How to complete this task:
The whole listing that follows is to be restated word for word, images excluded.

Data provided:
▬▬▬▬▬▬▬▬▬▬

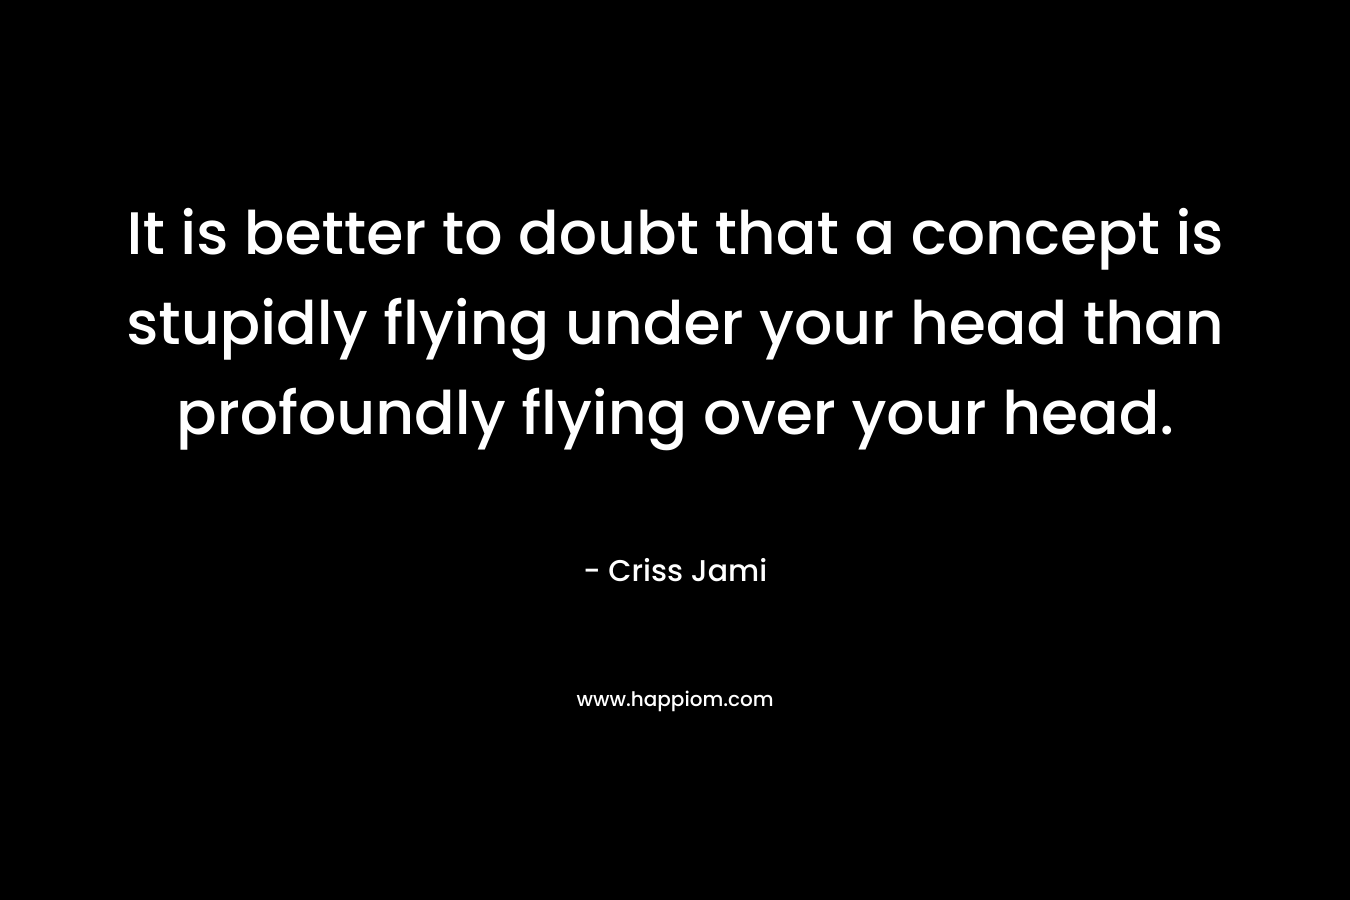 It is better to doubt that a concept is stupidly flying under your head than profoundly flying over your head.
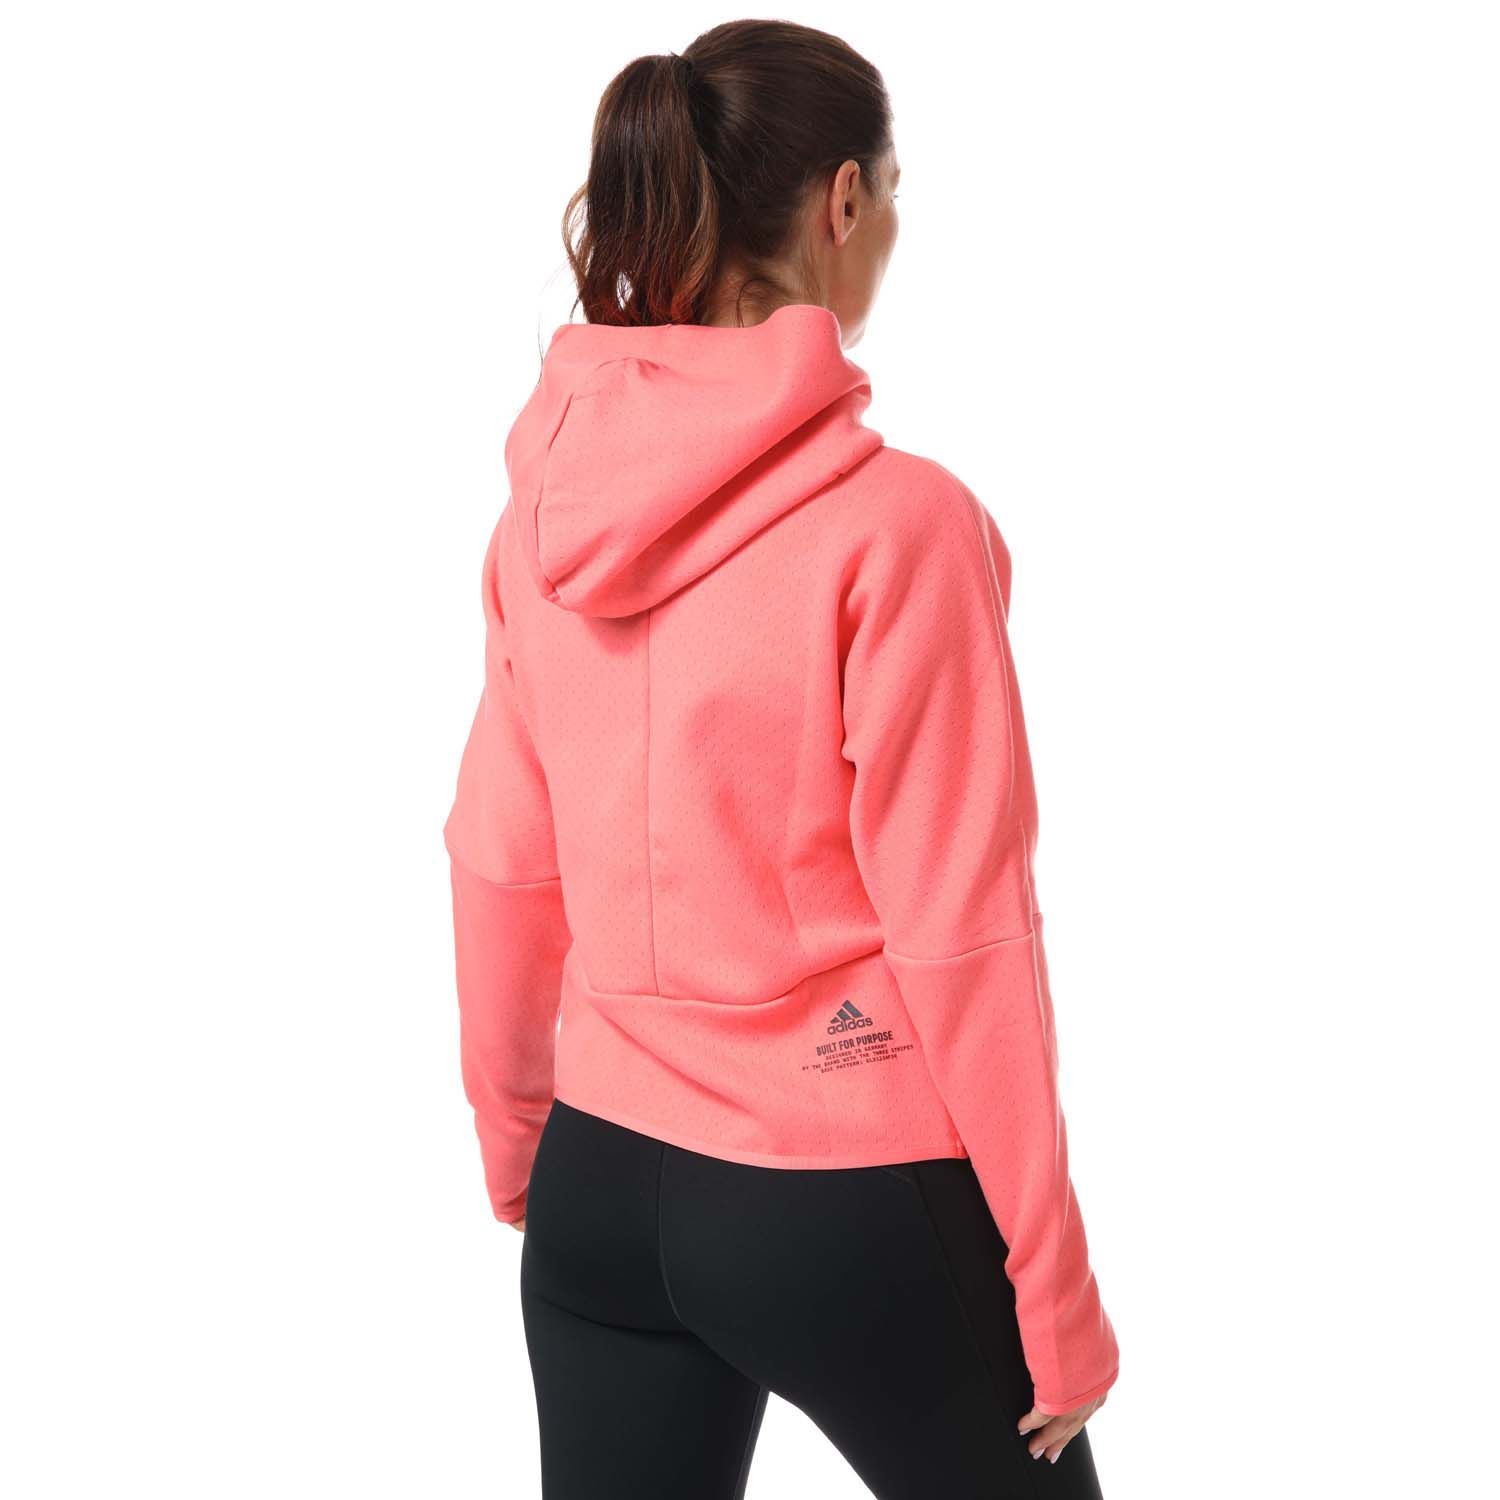 Womens adidas Z.N.E. Zip Hoody in coral.-Hooded jacket.- Zip fastening.- Side zip pockets.- Thumbholes.- Relaxed fit.- Body: 60% Cotton  40% Polyester (Recycled). - Ref: GM3280
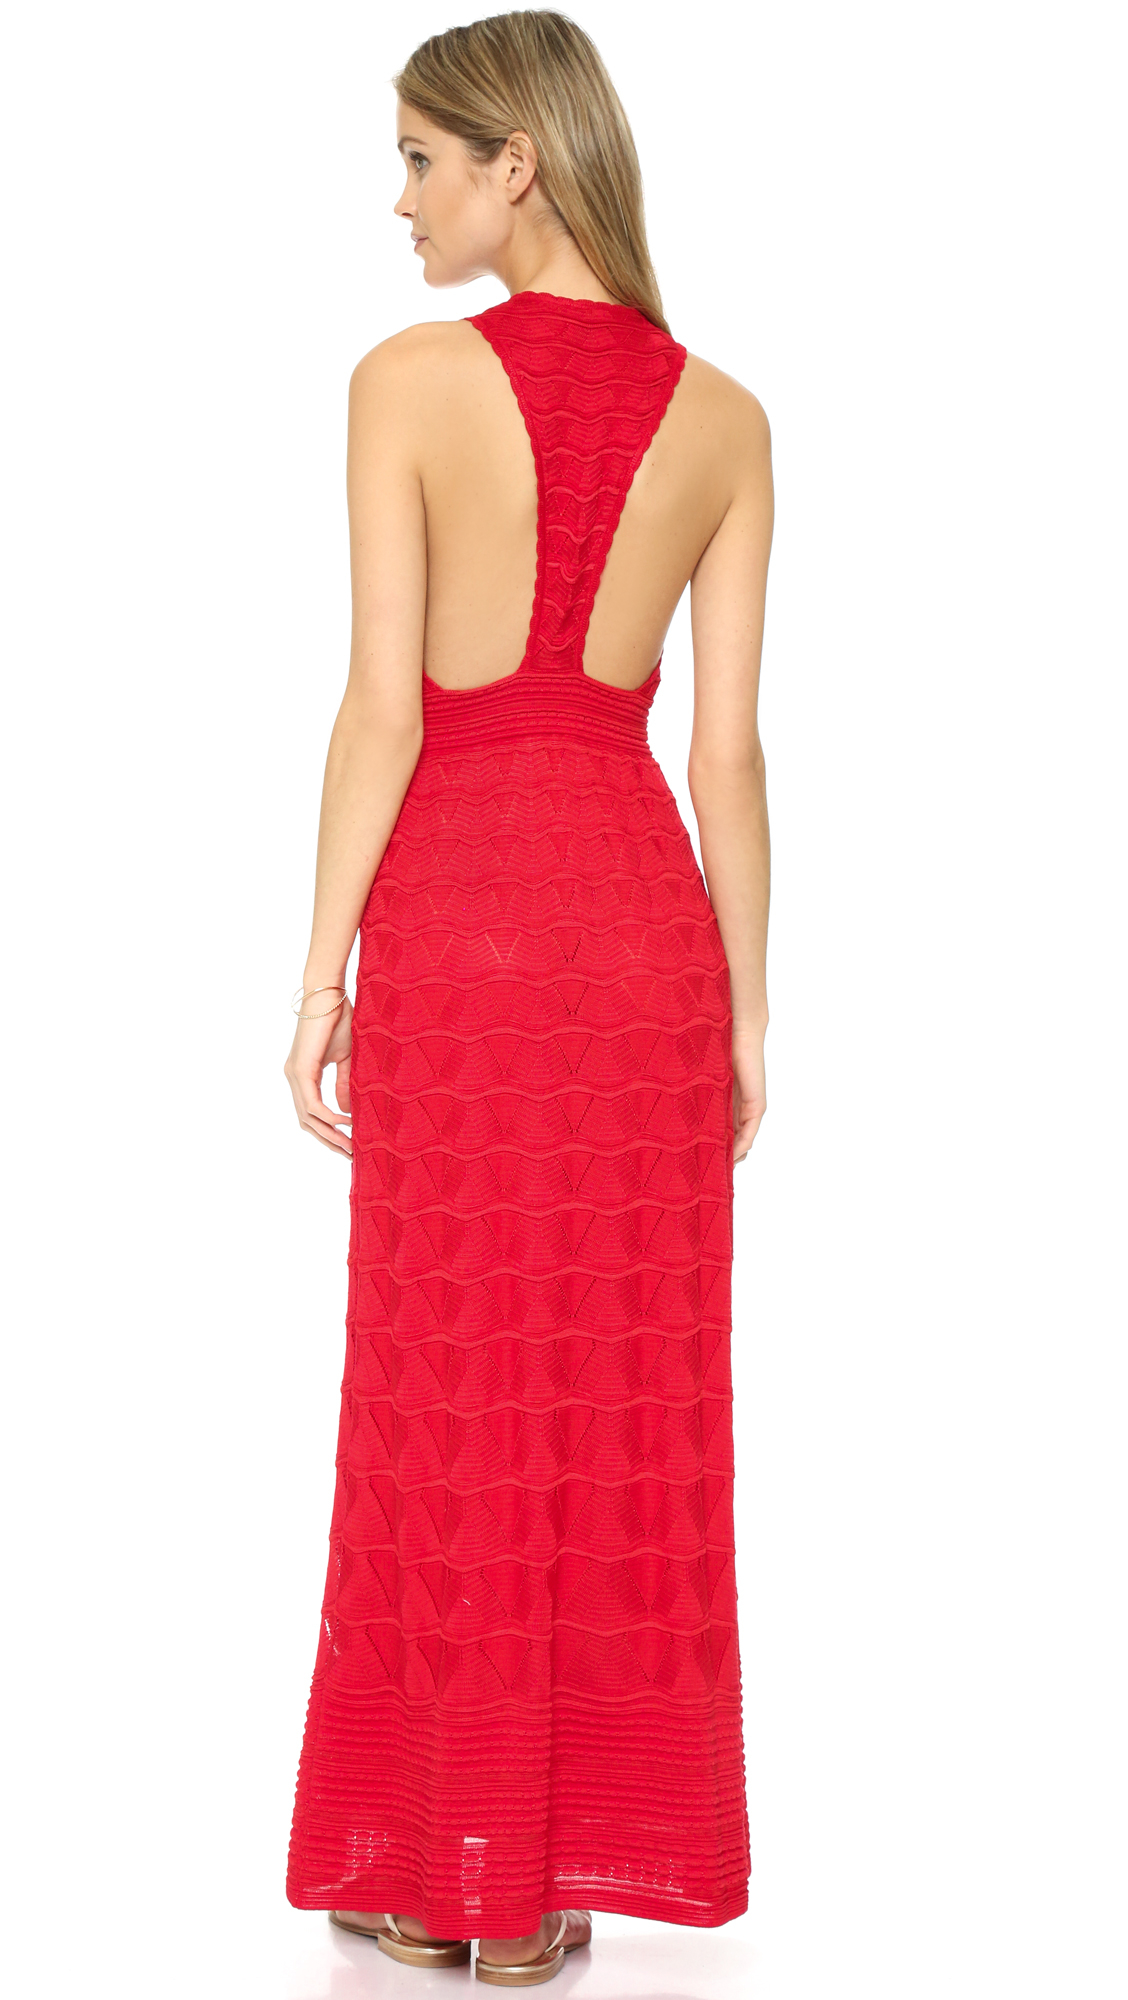 M Missoni Knit Racer Back Maxi Dress in Red - Lyst
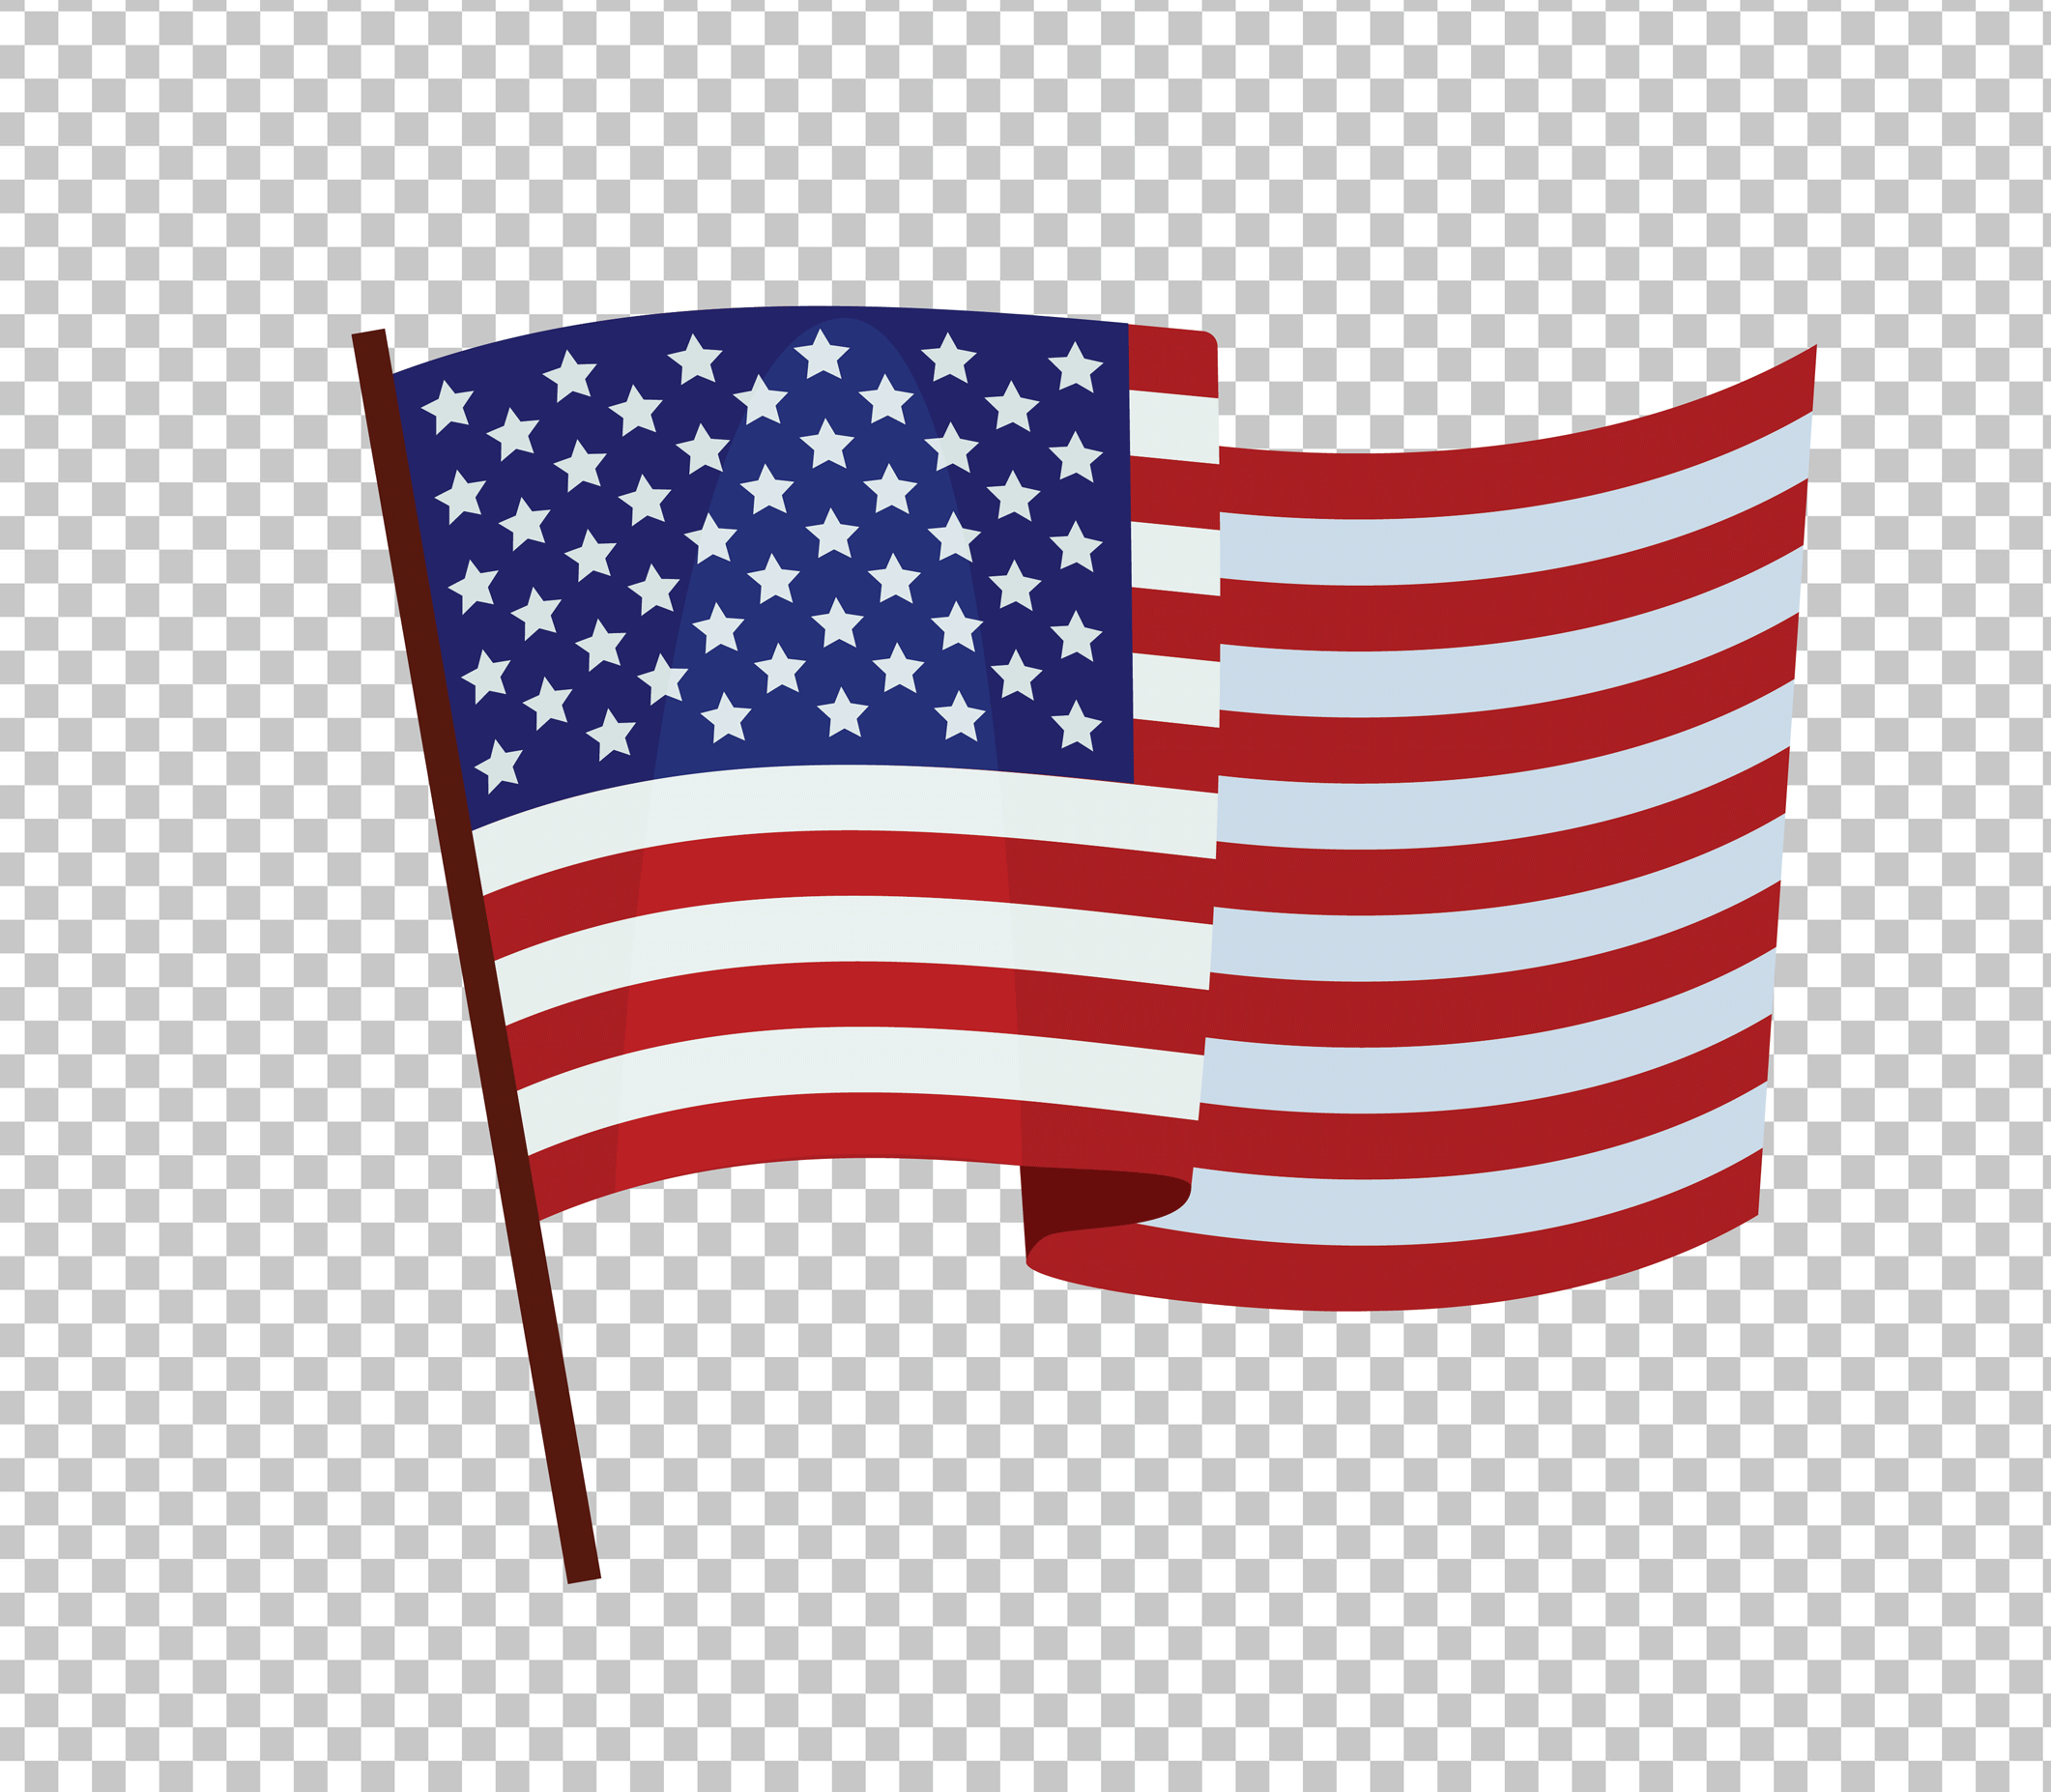 American or USA flag waving in the wind on transparent background

▬▬▬▬▬▬▬▬▬▬

Reply to the task:
 It is better to doubt that a concept is stupidly flying under your head than profoundly flying over your head.
 Womens adidas Z.N.E. Zip Hoody in coral.-Hooded jacket.- Zip fastening.- Side zip pockets.- Thumbholes.- Relaxed fit.- Body: 60% Cotton  40% Polyester (Recycled). - Ref: GM3280
 M Missoni Knit Racer Back Maxi Dress in Red - Lyst
 American or USA flag waving in the wind on transparent background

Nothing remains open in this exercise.